Building AI tools for real businesses
We build AI tools that solve actual problems. From streamlining operations to boosting innovation, we make AI practical and profitable for you.
We are building Sirji as an open-source framework to create & run custom AI agents for your everyday dev tasks.
A custom agent is a modular AI component designed to execute specific tasks based on predefined pseudocode. Developers articulate their coding style and domain expertise in plain English through pseudocode, enabling Sirji to perform tasks as instructed.
Sirji is implemented as a VS Code extension that provides an interactive chat interface right within your IDE. It leverages the capabilities of VS Code, including the Editor, Terminal, and Project Explorer.
We worked with Blockscout to display complex blockchain transactions in an easily understandable format for non-technical users.
We ran fine-tuning experiments on various models and ended up fine-tuning Llama-2-7b-chat-hf.

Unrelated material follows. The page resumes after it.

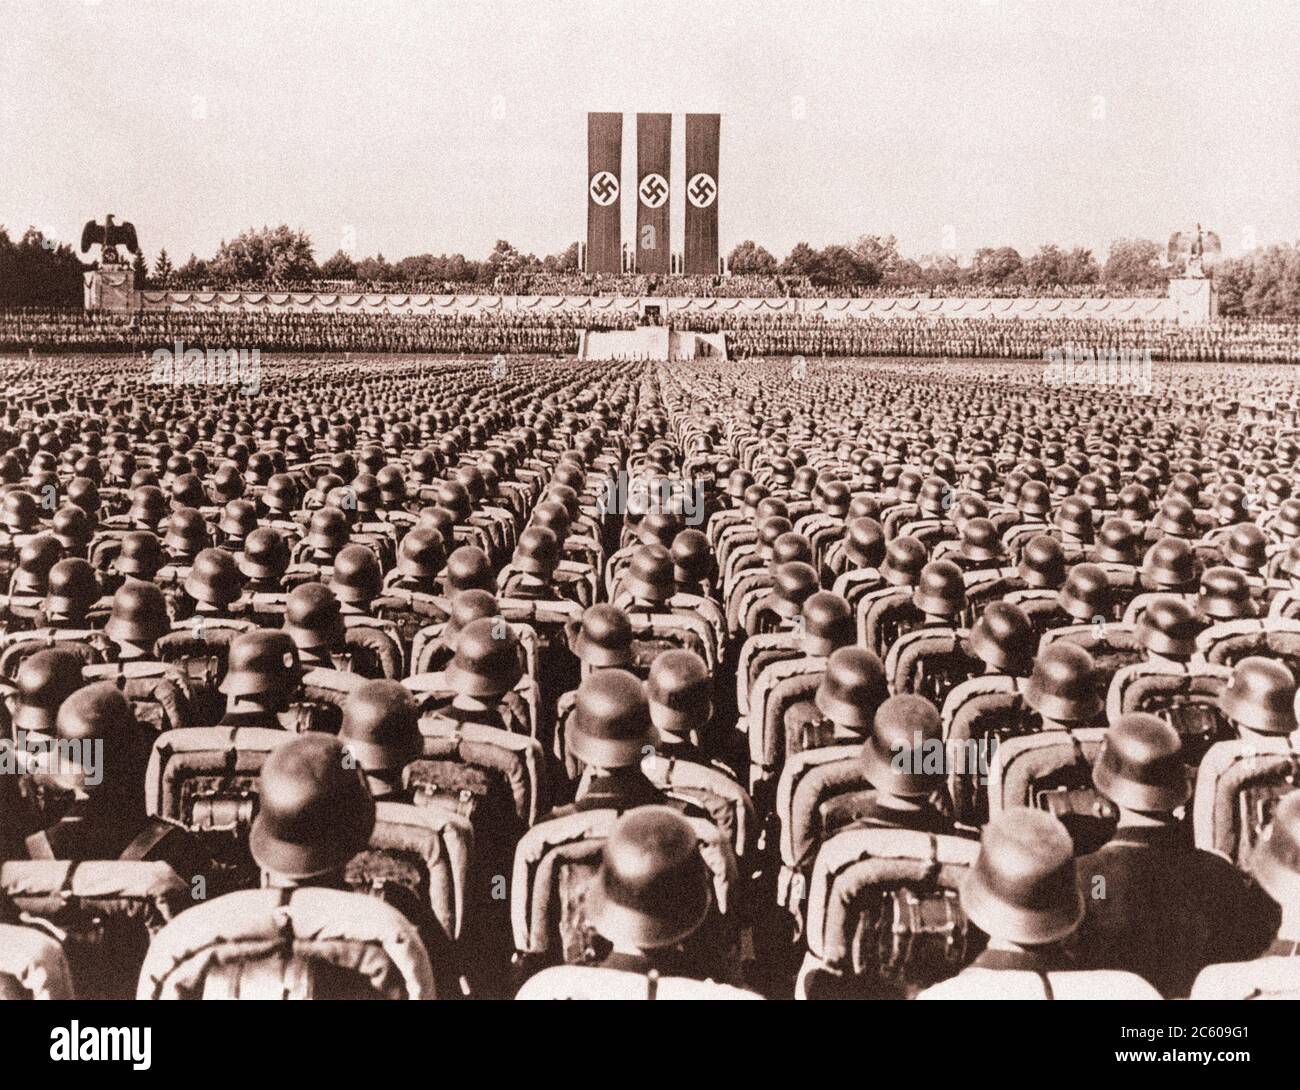 Nuremberg 1930 Waffen-SS tropas en cascos pulidos en fila serried preciso un puesto de saludo durante una manifestación nazi alemán Foto de stock

This work involved collecting and cleaning up training data, maintaining multiple fine-tuning configurations, and evaluating the fine-tuning results such as losses at different epochs, resource utilization, and other key metrics.
Serving the fine-tuned model in production involved working with the Hugging Face Transformers Library and vLLM.
We built an AI-powered vector search (or semantic search) for Jam, a decentralized social app built on the Farcaster protocol.
The user’s social post is reduced to a numeric representation in the form of a vector (an N-dimensional array). This numeric representation allows us to translate semantic similarity (as how we humans understand and search) to ‘nearness’ in a multi-dimensional vector space using algorithms like ANN (approximate nearest neighbor).
The work also involved tinkering with embedding models and vector databases such as Weaviate.
While building a natural language AI entry point on top of a GraphQL explorer for Airstack, we had to work with a few hundred test cases - pairs of inputs and expected outputs. We extended OpenAI’s Evals framework to make it work for GraphQL.
But since working with JSONL, executing CLI commands, and keeping track of prompt versions can be daunting, we built a prompt evaluator specifically for product managers. It’s a visual tool with a great UX that acts as a wrapper for Evals. It has a prompt template, experiments, and test cases as the building blocks.
We have open-sourced the prompt evaluator. Here are the frontend and backend repos.
While working on Thursday, we built a fun game called Doodle Race. What is the doodle race game? You draw and AI guesses! Whoever manages to make AI guess the fastest, wins!
We used the quickdraw dataset, a collection of 50 million drawings across 345 doodle categories, to build a Convolutional Neural Network (CNN) architecture model. We experimented with creating a CNN from scratch as well as using the transfer learning technique on a pretrained model (efficientnet-b0).
We also ran experiments to determine the best way of transfer learning. You can find the details and the results here and here.
We worked with PromoteHour, a new-age PR agency, to automate the manual process of discovering relevant journalists and pitching their client products.
We built the tooling that uses LLMs to parse tens of thousands of unstructured web pages daily and extract structured data in a cost-effective way. It then creates embeddings, performs vector search, and generates reports that can be acted upon by the next set of agents.
A similar approach of using multiple agents to parse, extract, and act upon the original unstructured data sources was also applied when we built Raised, a web app that brings together the latest funding data from across the web.
Kedar Chandrayan from our team joined Gregory Kamradt as a co-maintainer of an open-source repository called Needle In A Haystack (NIAH).
NIAH evaluates LLMs to see how good they are at recalling information in long context scenarios. It is a benchmarking technique where the model is tasked with identifying specific information (the "needle") within a larger context (the "haystack").
NIAH has gained popularity in recent times with both Google and Anthropic adopting it for Gemini 1.5 and Claude 3.
It’s never really about AI though. The best products succeed by hiding the complexities behind simple and intuitive UX.
For example, in Listener we used speech-to-text and time offset values to bookmark important moments of a Zoom call in real-time and turn long recordings into bite-sized video clips.